Exercise aim:
Write out the listing below in its entirety, minus the pictures, without changing a word.

Given data:
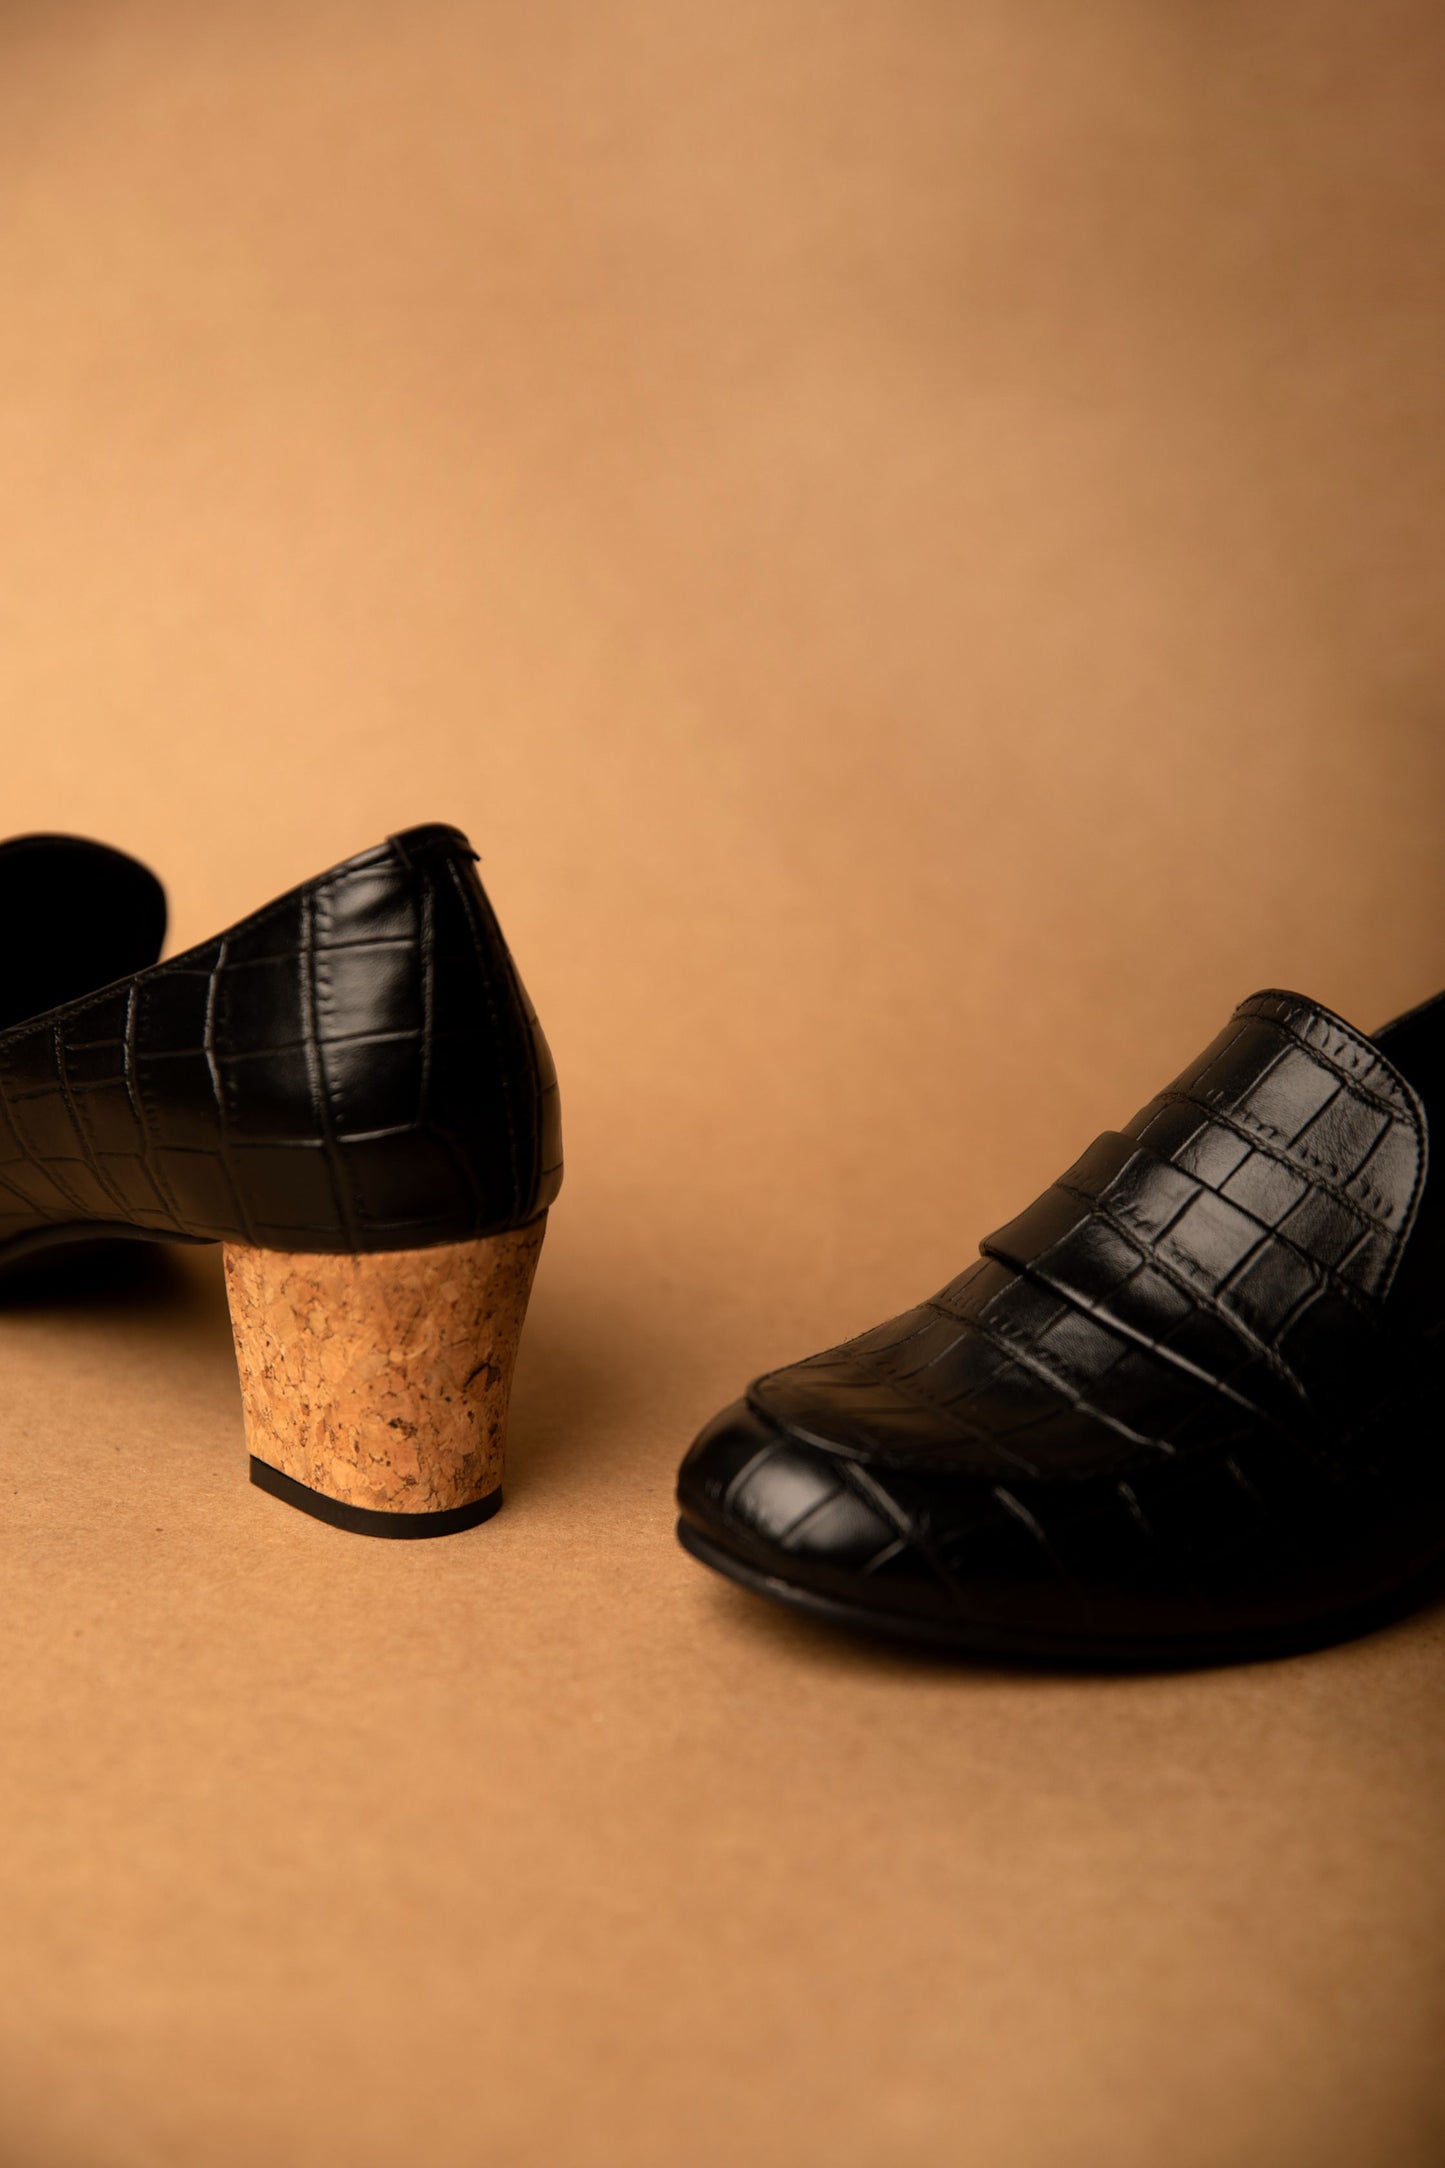 Black Block Heel Shoes For Women
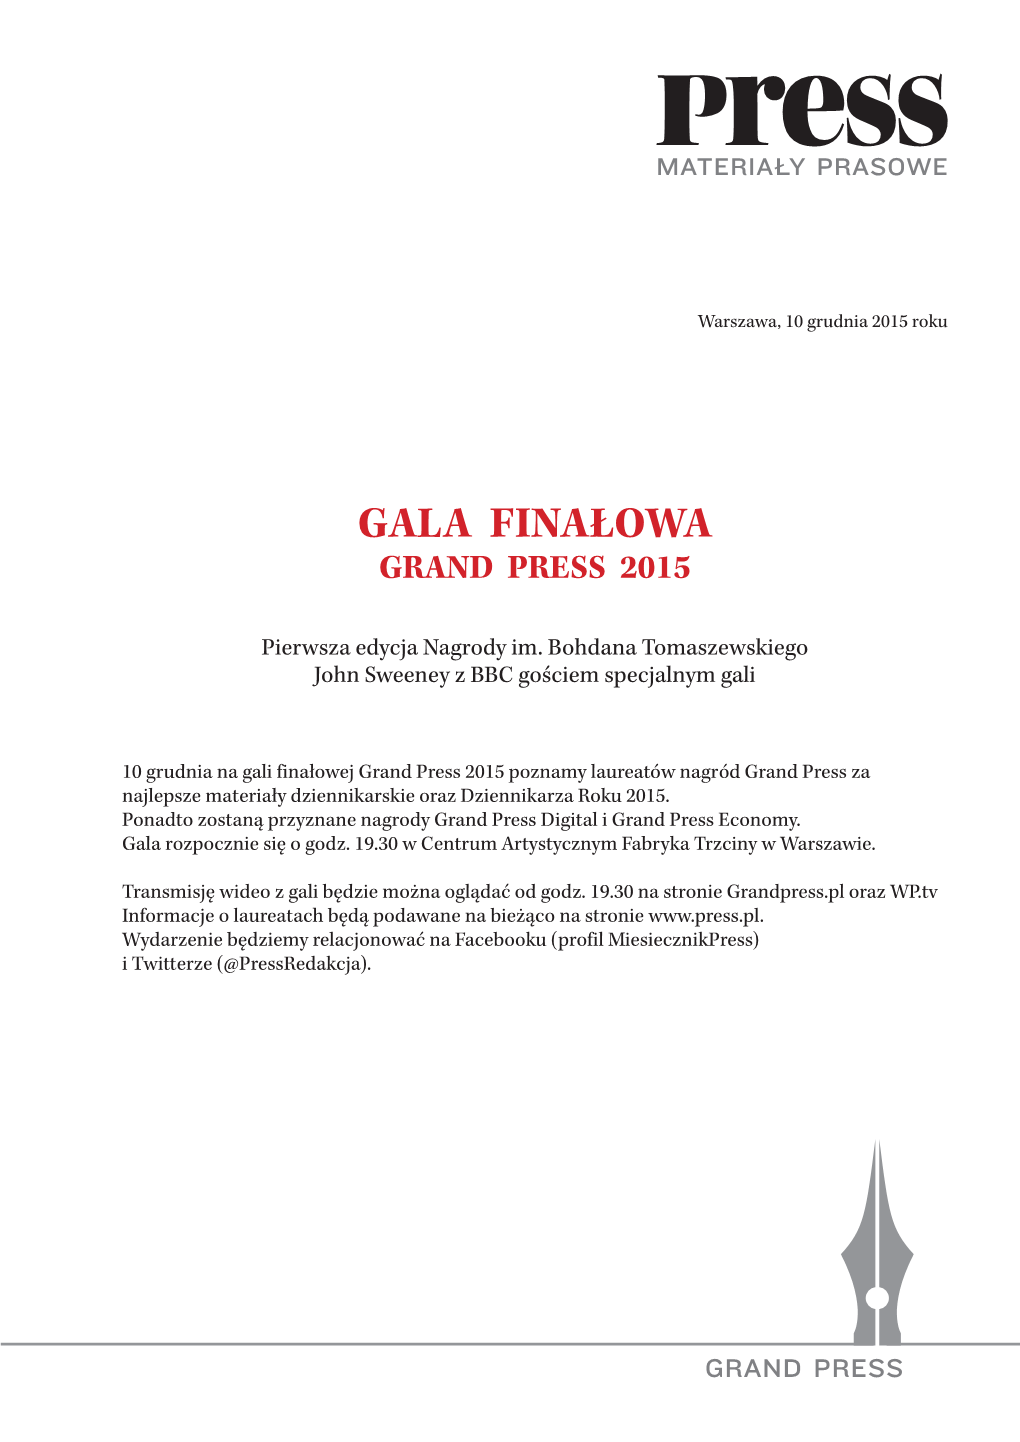 Gala Finałowa Grand Press 2015
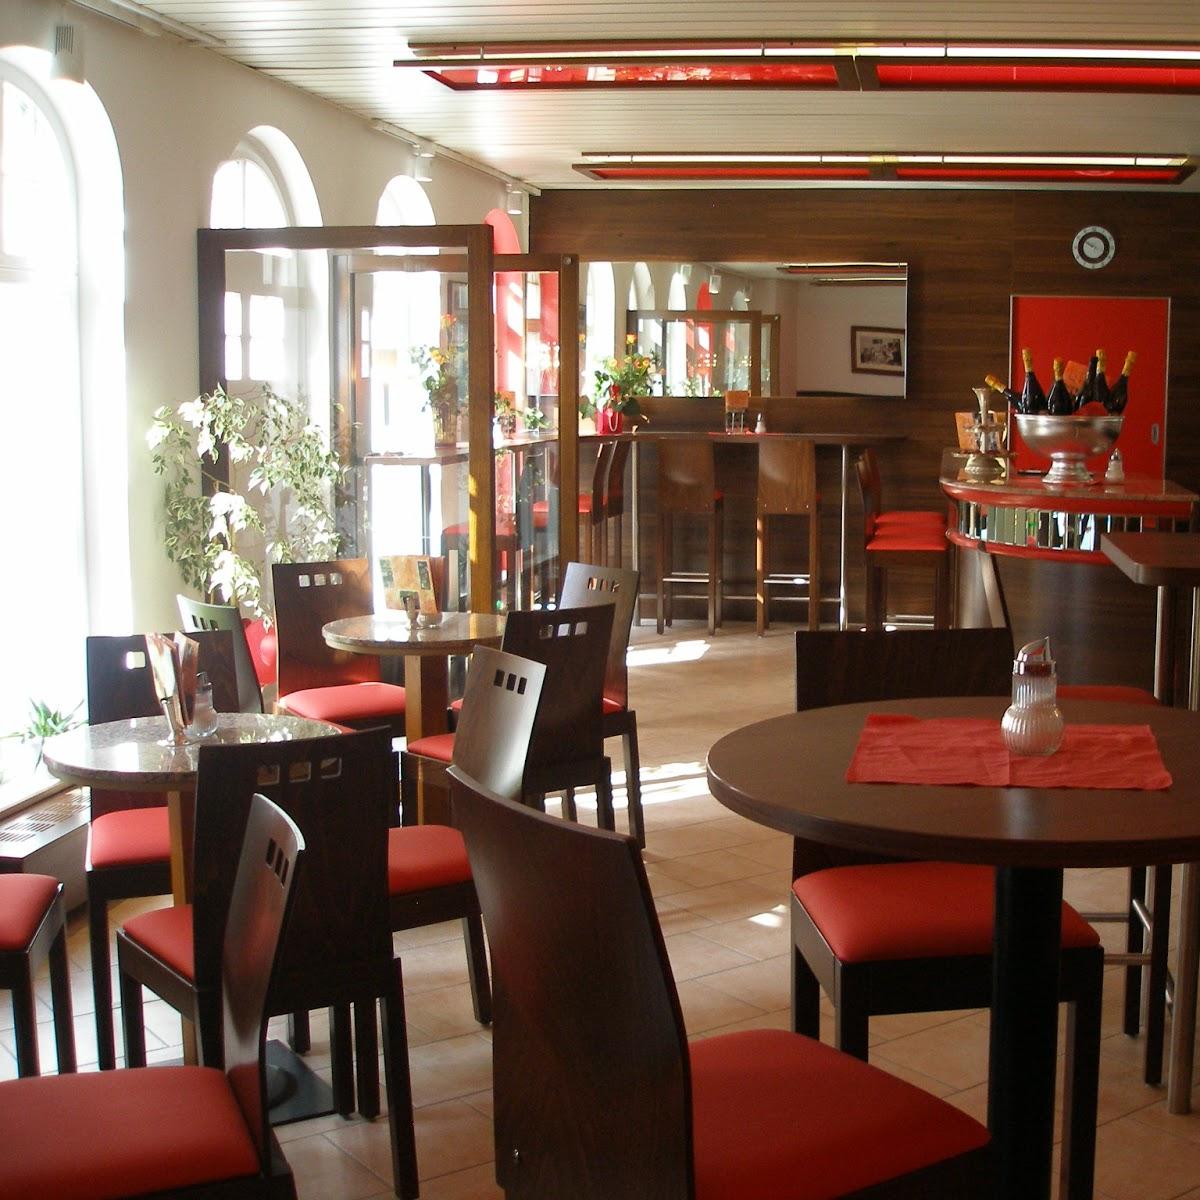 Restaurant "Eiscafé La Piazza" in Gunzenhausen

Exercise output:
 Black Block Heel Shoes For Women
 Gala Finałowa Grand Press 2015
 Restaurant "Eiscafé La Piazza" in Gunzenhausen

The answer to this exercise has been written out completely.